The invalidation of Ali’s conviction cleared away any remaining obstacles to his relicensing by state boxing commissions and to his reclaiming the titles that had been stripped from him nearly four years earlier. But because the Court failed to address the controversial merits of Ali’s claim to “selective” conscientious objector status, the decision holds little value as legal precedent.

Context

The Supreme Court decided Ali’s conscientious objector case against the backdrop of a country increasingly divided over the civil war in Vietnam and the use of the draft to select the American soldiers needed to continue the conflict. By 1970, the year before the Court’s decision in Clay v. United States, the debate had become almost ubiquitous within American public institutions—except the Supreme Court. Indeed, the Court repeatedly resisted attempts by legislators, draftees, and even states to have it pronounce on the underlying legality of the war in Vietnam, resting on strained notions of judicial restraint to avoid taking sides.
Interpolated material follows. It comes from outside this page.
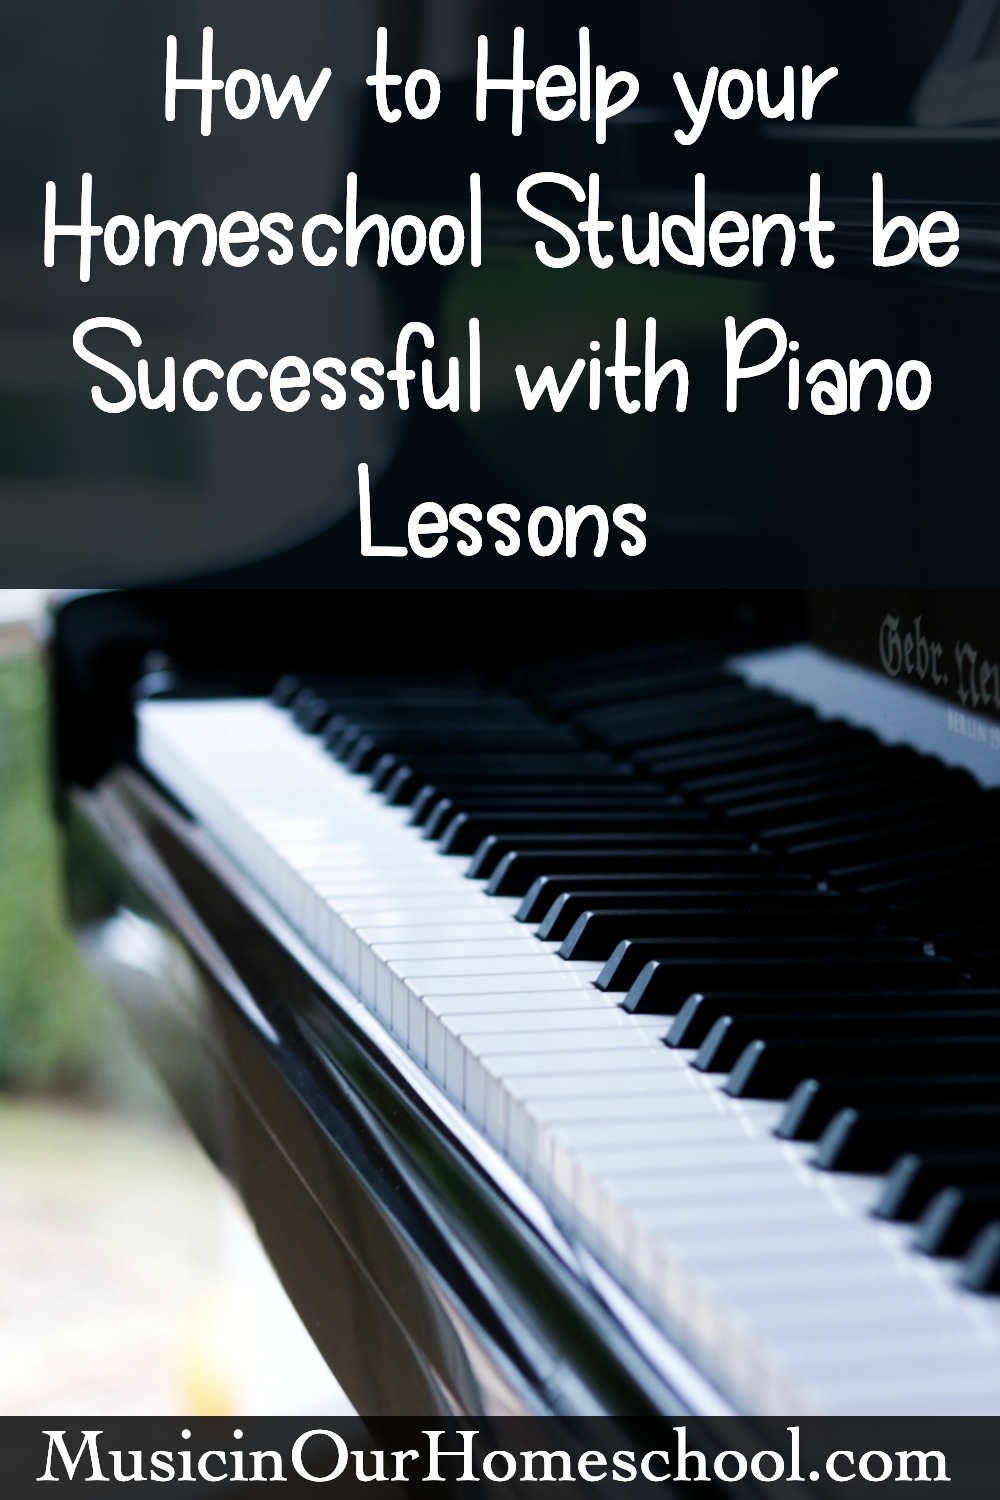 How to Help your Homeschool Student be Successful with Piano Lessons. Tips from a piano teacher #pianolessons #pianoteacher #homeschoolmusic #musicinourhomeschool

However, there was one class of Vietnam-related cases the Court did try routinely: those based on claims to exemptions and deferments from conscription, particularly claims of conscientious objector status. Under section 6(j) of the Military Selective Service Act, individuals could not be subjected to “combatant training and service in the armed forces” if, “by reason of religious training and belief,” they were “conscientiously opposed to participation in war in any form.”

One of the questions that invariably arose in such cases was whether conscientious objection to a particular war, rather than objection to war as such, qualified the objector for such an exemption. Thus the question became, Does the statute support the idea of “selective” conscientious objection? Three months before it decided Ali’s case, the Supreme Court answered that question in the negative in Gillette v. United States, with Justice Thurgood Marshall—best known for arguing the landmark school desegregation case of Brown v. Board of Education of Topeka—writing for an eight-to-one majority. As Marshall explained, “However the statutory clause be parsed, it remains that conscientious objection must run to war in any form.” For Ali, one of the more visible members of the Nation of Islam, the war in Vietnam was an unjust one fought by nonbelievers. Indeed, contemporary news stories and even some judicial opinions often repeat an inflammatory quote that may well have been misattributed to Ali—that “no Vietnamese ever called me a nigger.” Ali’s case therefore raised a question the Court had yet to answer: whether a religiously grounded but nonpacifistic belief was a legally protected basis for objecting to military service.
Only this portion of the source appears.